Cr and Nb are combined. The chromium element and the niobium element are combined to manufacture the cladding layer, and the cladding layer is prevented from being corroded and cracked due to overheating during multilayer cladding. The banknote cutter blade 2 is thin and thick in cladding, and a cladding layer can generate a red-melting overheating phenomenon during multilayer cladding, so that the banknote cutter blade 2 is prevented from cracking and corroding in the service process; under the condition that the content of the chromium element is fixed, when the content of the niobium element is higher than 0.12wt%, a cladding layer is easy to crack and corrode; when the content of niobium is less than 0.08wt%, cracking of the cladding layer due to overheating cannot be ensured by chromium alone.

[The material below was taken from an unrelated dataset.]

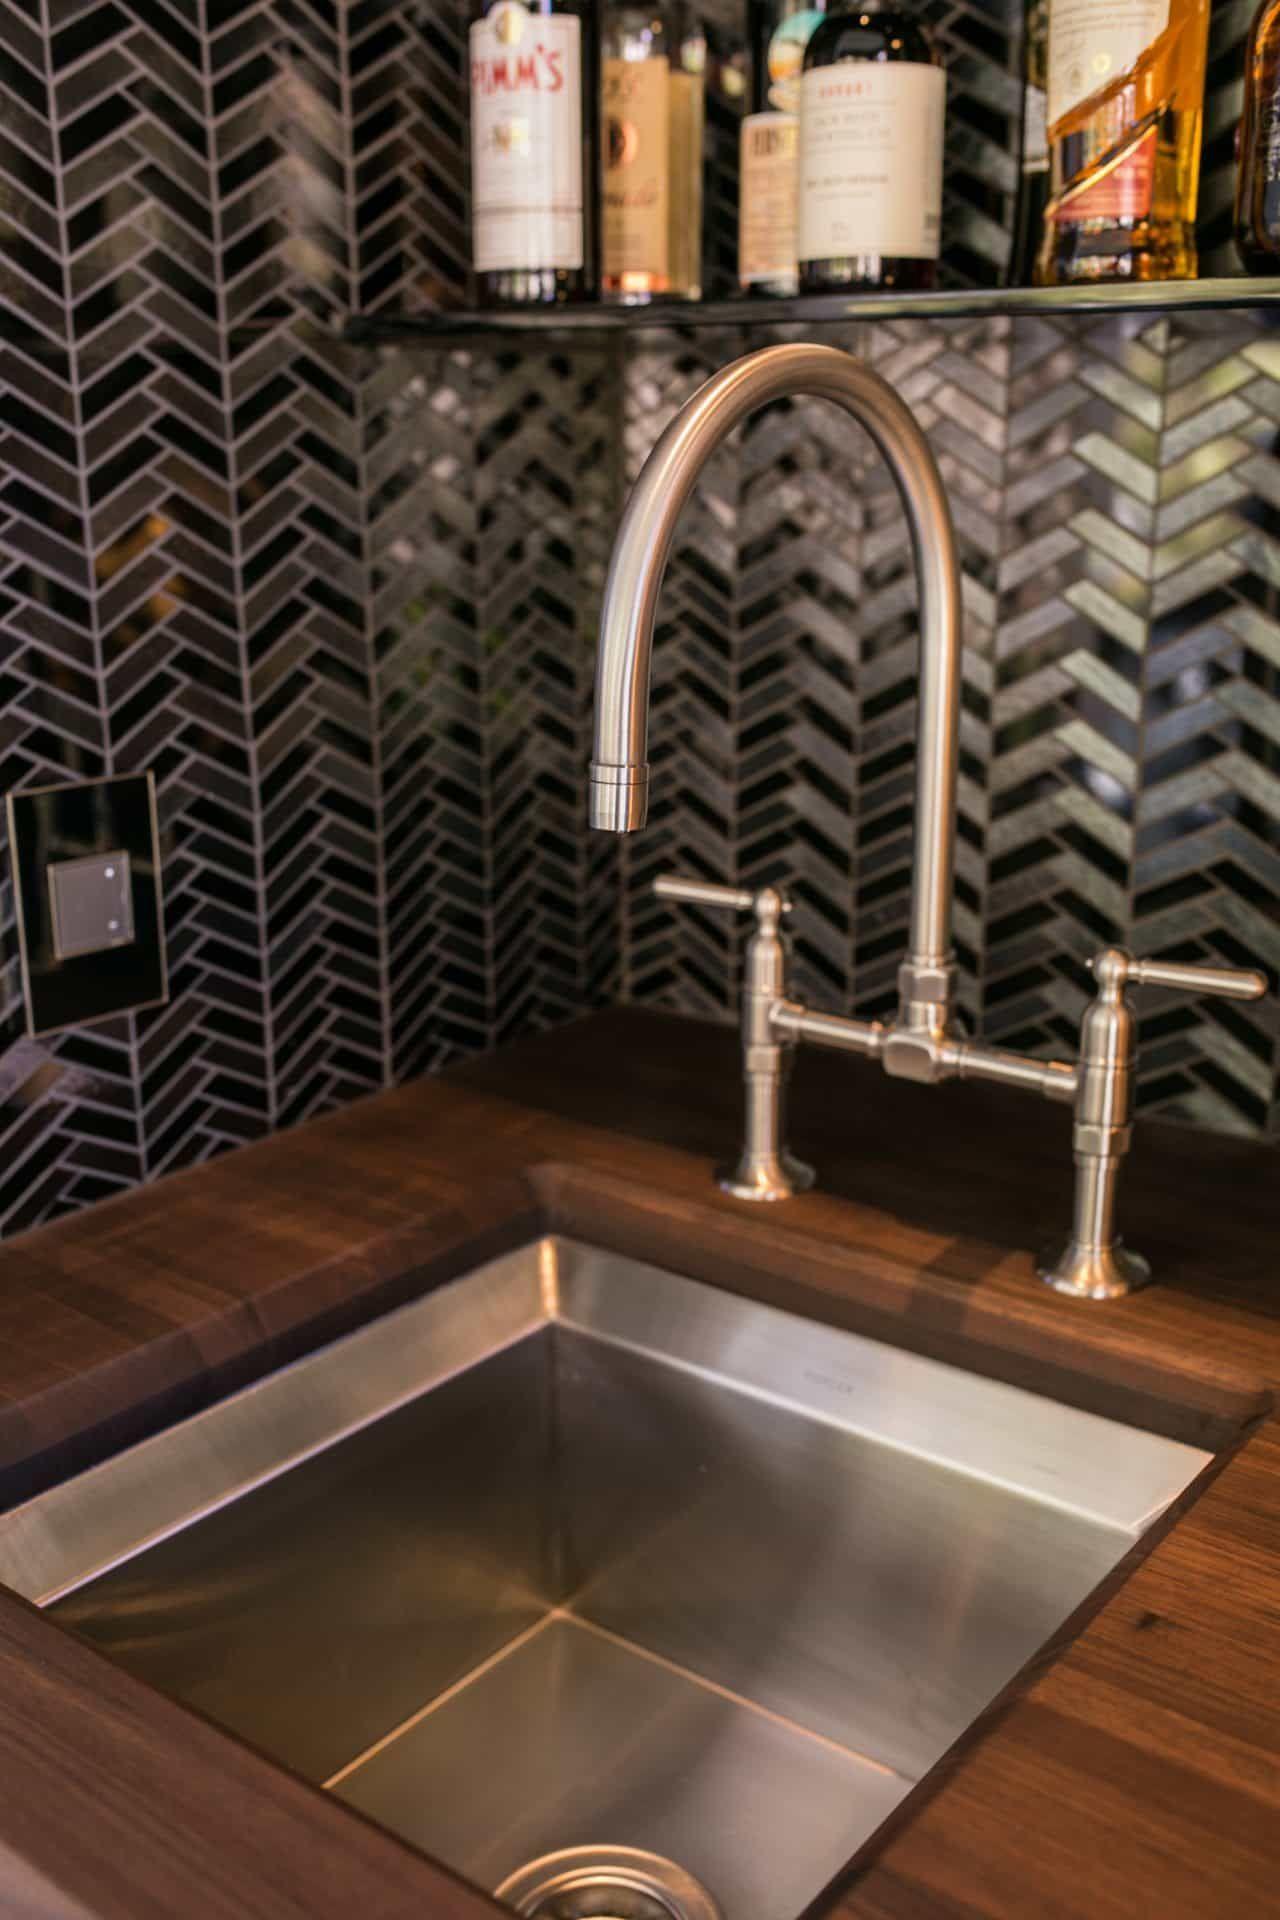 Verschiedene Küche Wasserhahn Typen | Küchenzeile | Pinterest ...

The three elements of Mo, nb and V are combined. According to the difference of the precipitation mechanism of the three elements, various carbon element chemical phases are produced in the microstructure of the cladding layer, and the impact toughness of the cladding layer is prevented from being reduced. In experiments, the trend that the toughness of a cladding layer is reduced cannot be effectively inhibited by adding molybdenum, niobium and vanadium into alloy powder independently or pairwise; when the components are calculated by weight percentage, mo:0.18 to 0.22wt percent; nb:0.08 to 0.12 weight percent; v:0.23 to 0.27 weight percent; when the three elements are added into the alloy powder in a compounding way, the form and the distribution of M-C (B) educts in the cladding layer are changed, and the cladding layer does not crack and have reduced impact toughness even if the multilayer laser cladding is carried out.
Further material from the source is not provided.